> _Task prompt_
Every line below from the one with "EMILIO PUCCI Teal" through the one with "Unmarked Fabric Content (feel" should be retyped exactly, both ends included; no other lines and no pictures.

> _Given entries_

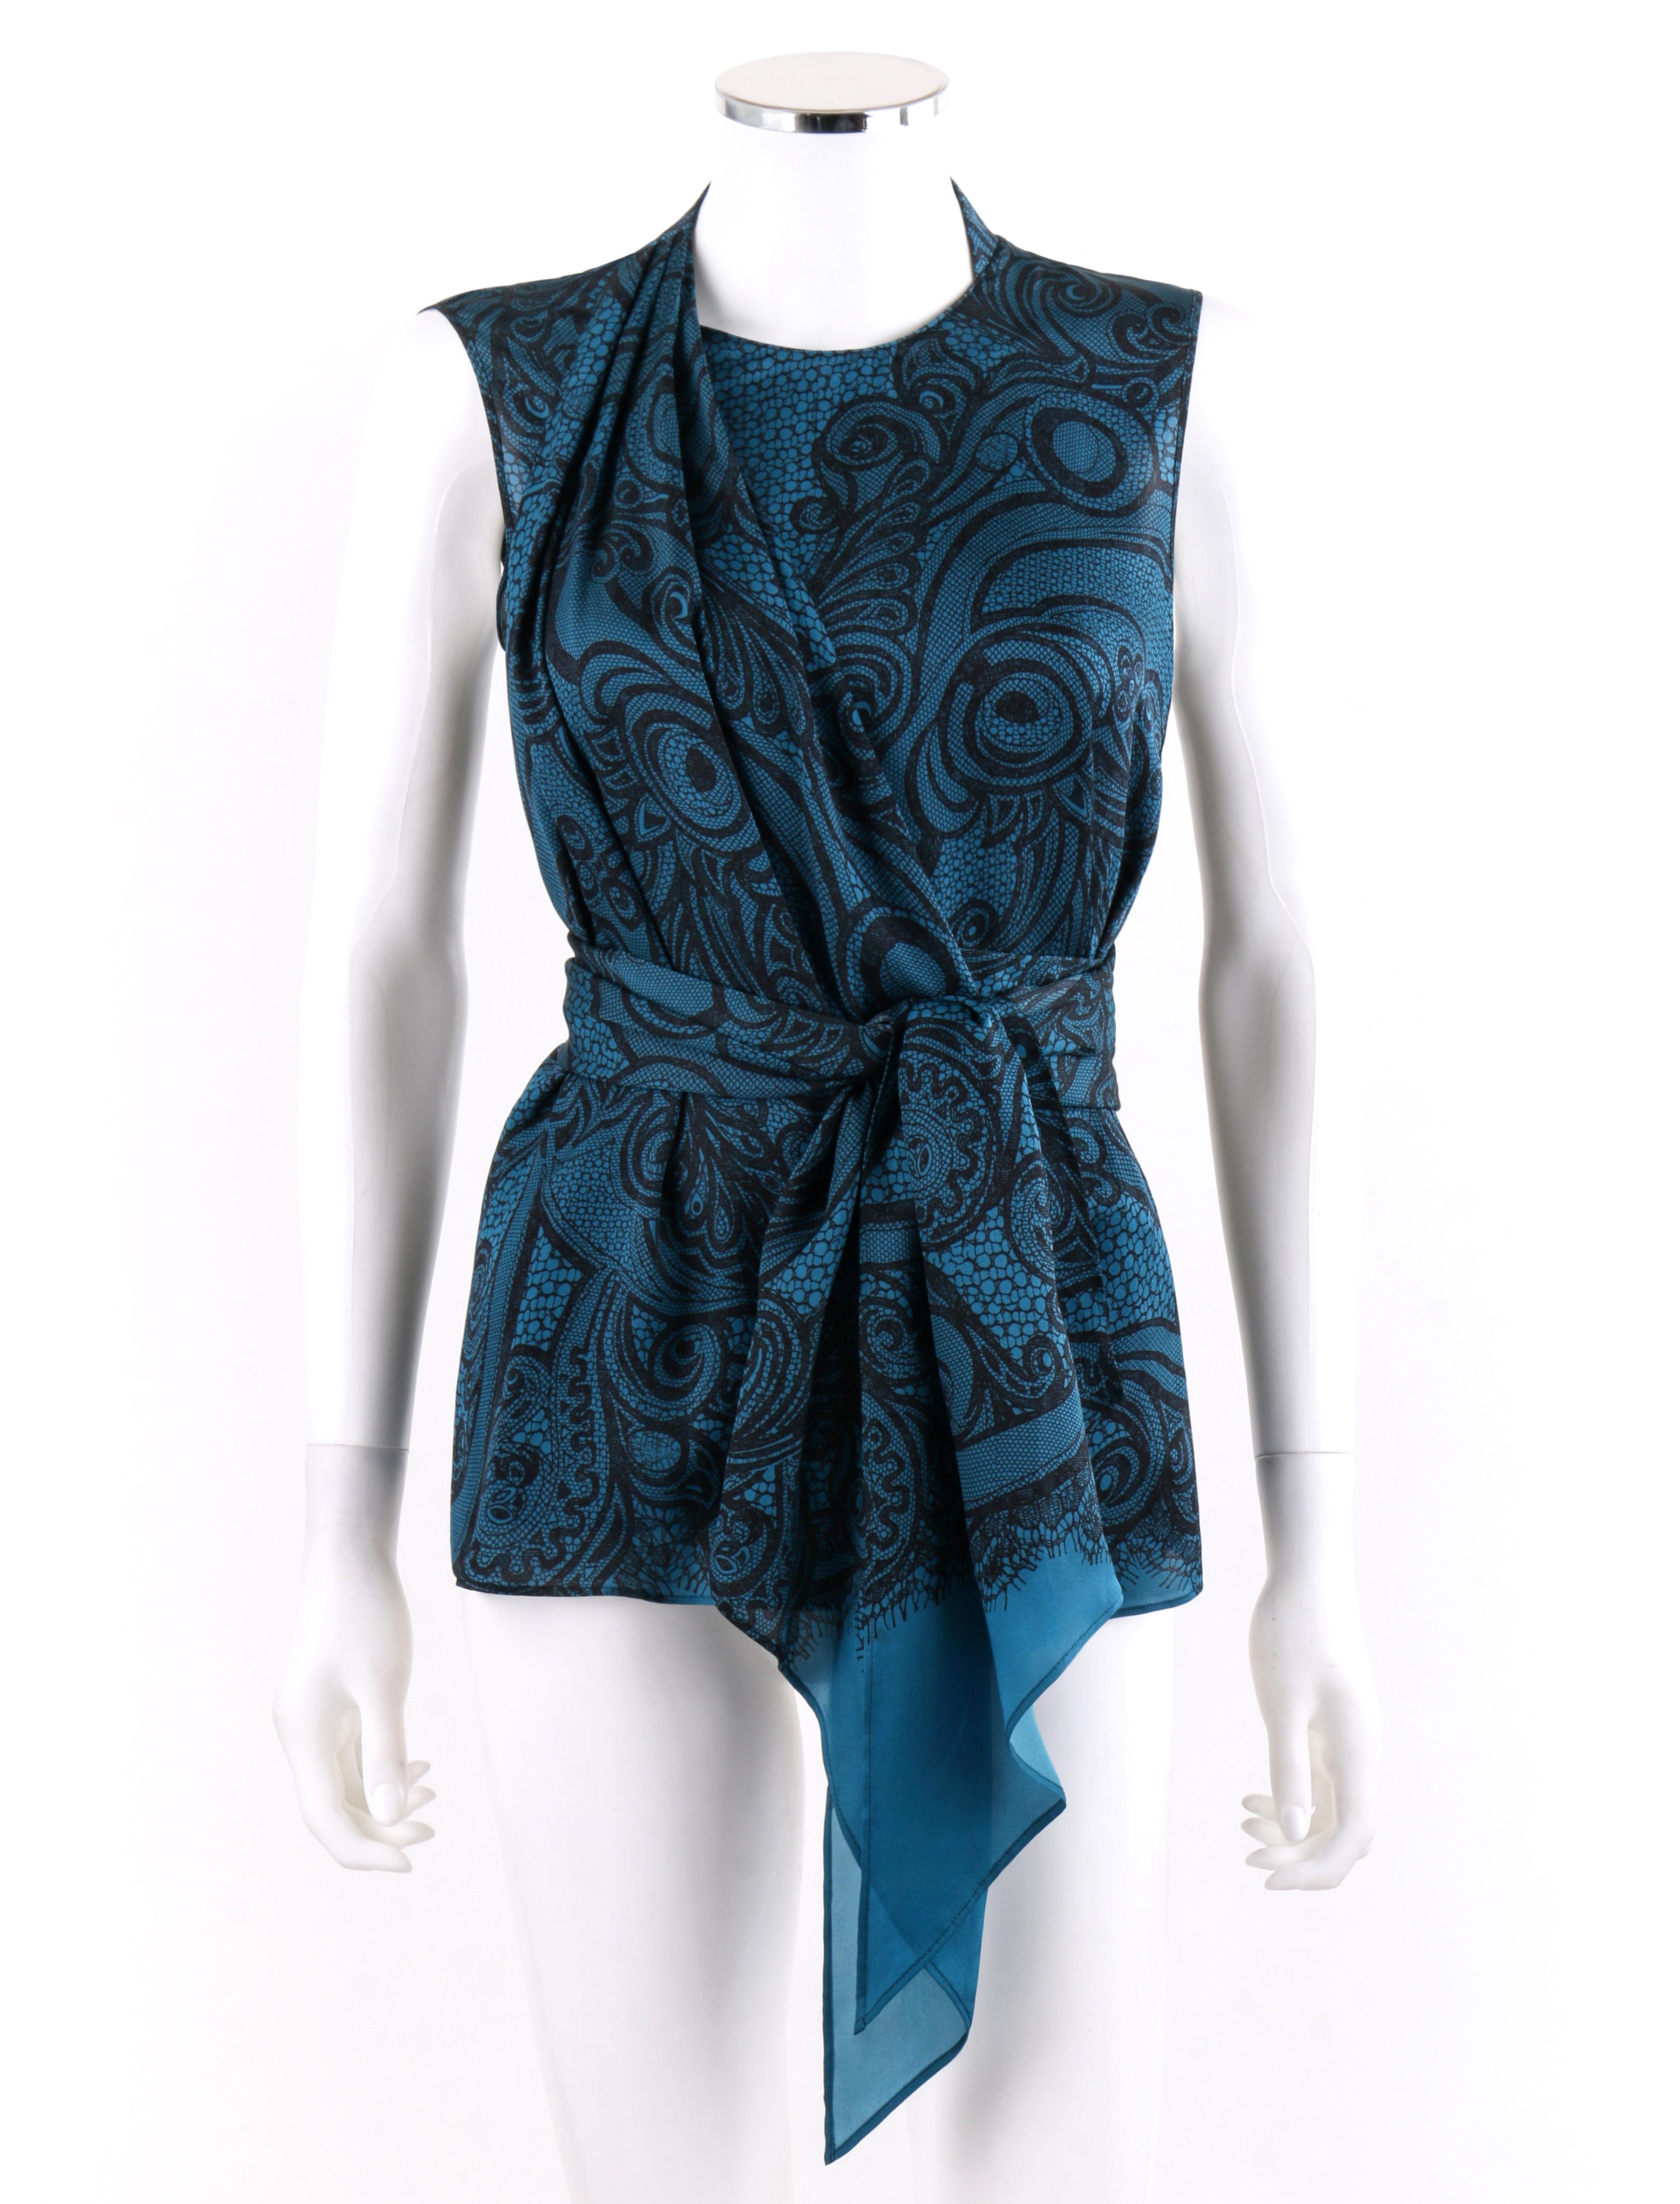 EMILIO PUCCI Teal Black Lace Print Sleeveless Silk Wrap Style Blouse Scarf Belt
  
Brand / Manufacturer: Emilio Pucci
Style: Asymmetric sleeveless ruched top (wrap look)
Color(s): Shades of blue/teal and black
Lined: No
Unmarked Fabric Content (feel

--

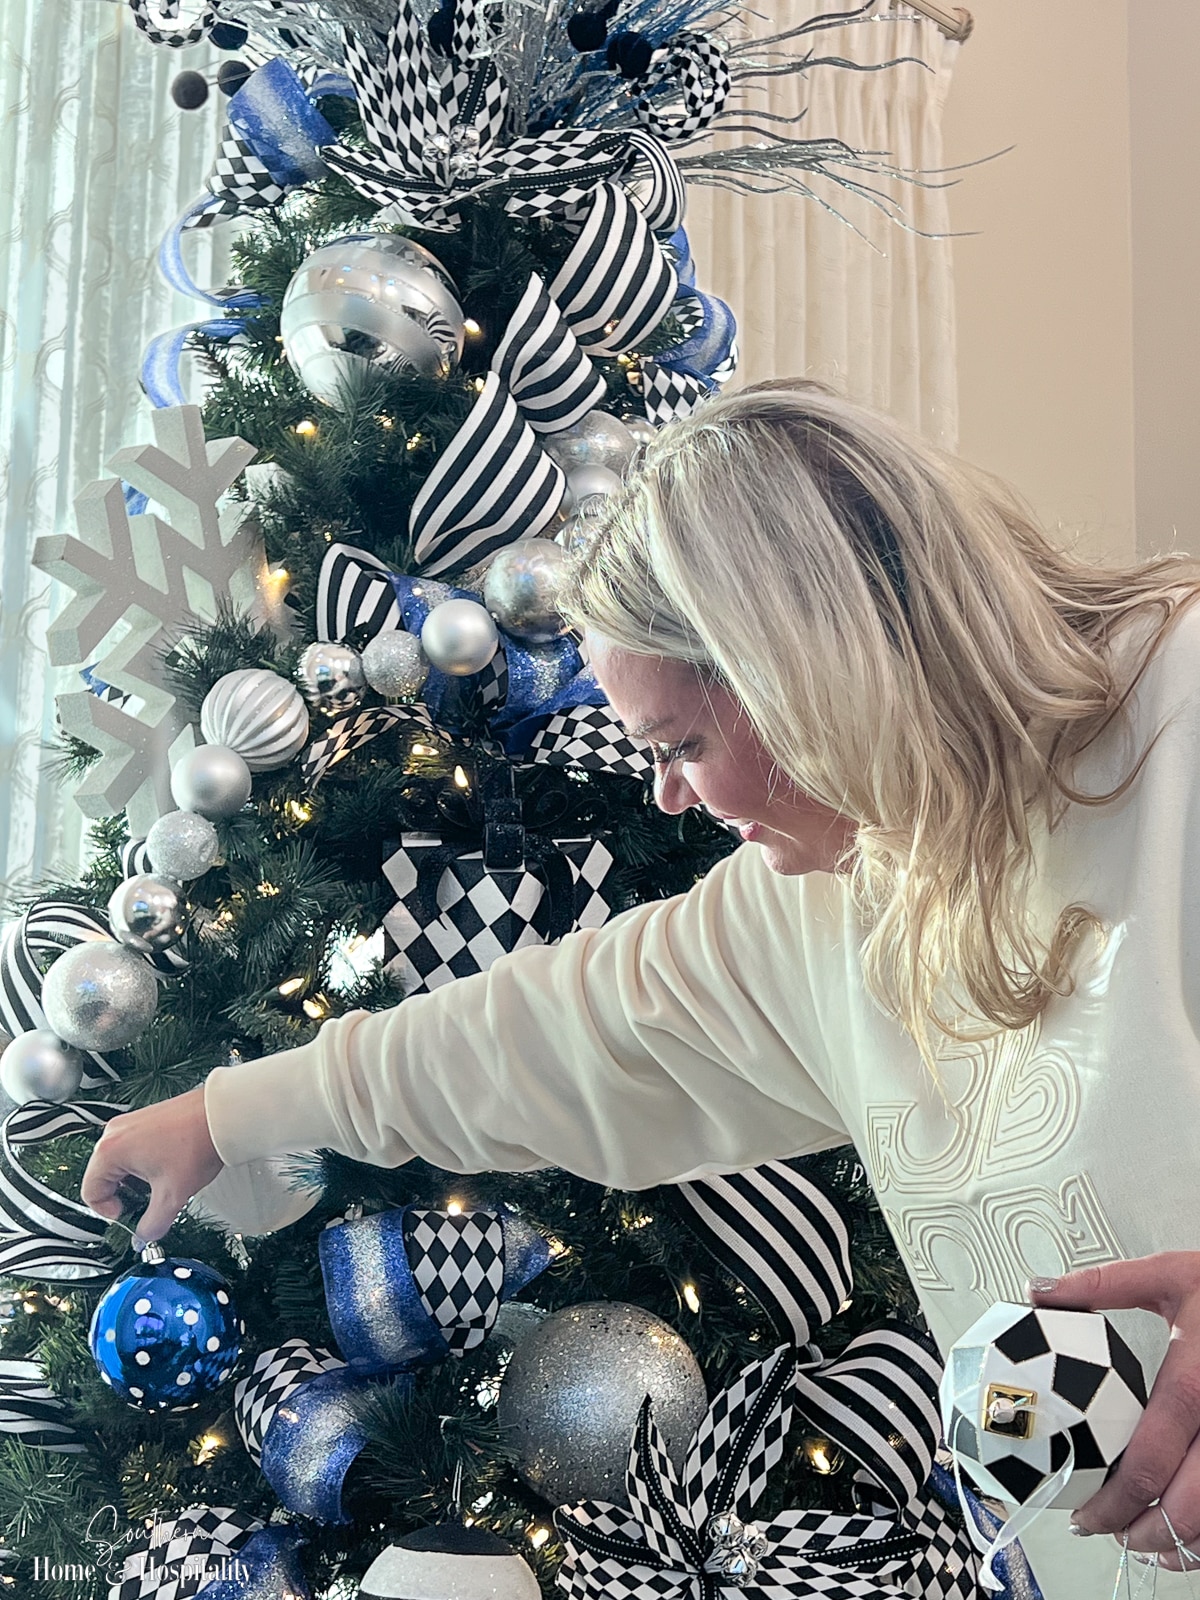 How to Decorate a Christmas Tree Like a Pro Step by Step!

* * *

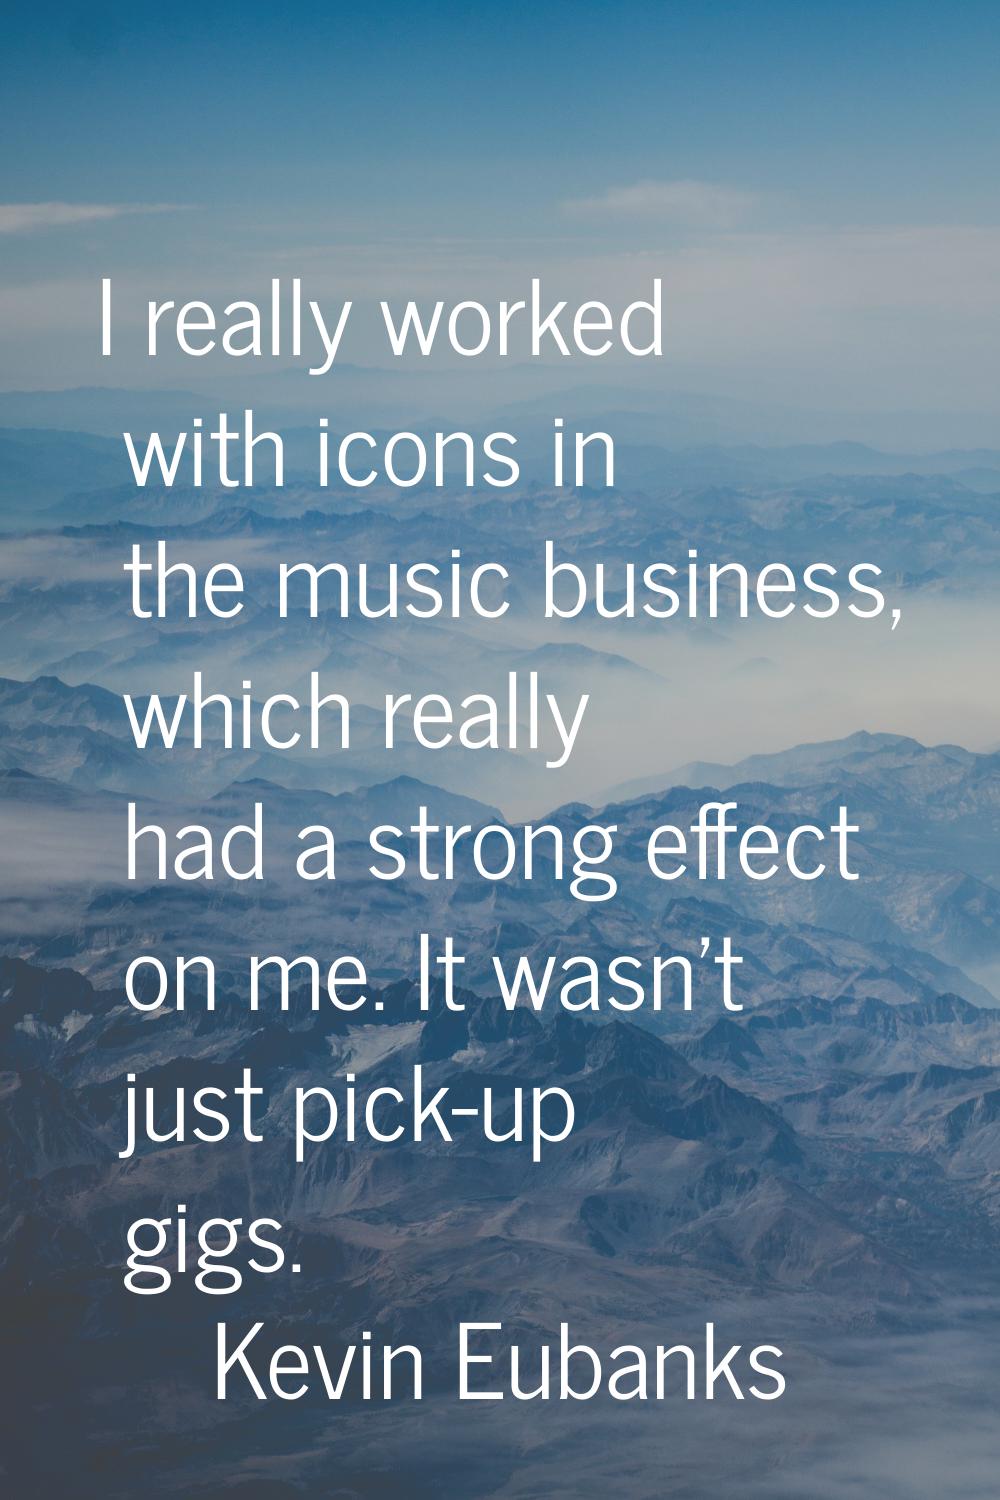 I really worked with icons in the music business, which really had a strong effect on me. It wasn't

> _Task output_
 EMILIO PUCCI Teal Black Lace Print Sleeveless Silk Wrap Style Blouse Scarf Belt
  
Brand / Manufacturer: Emilio Pucci
Style: Asymmetric sleeveless ruched top (wrap look)
Color(s): Shades of blue/teal and black
Lined: No
Unmarked Fabric Content (feel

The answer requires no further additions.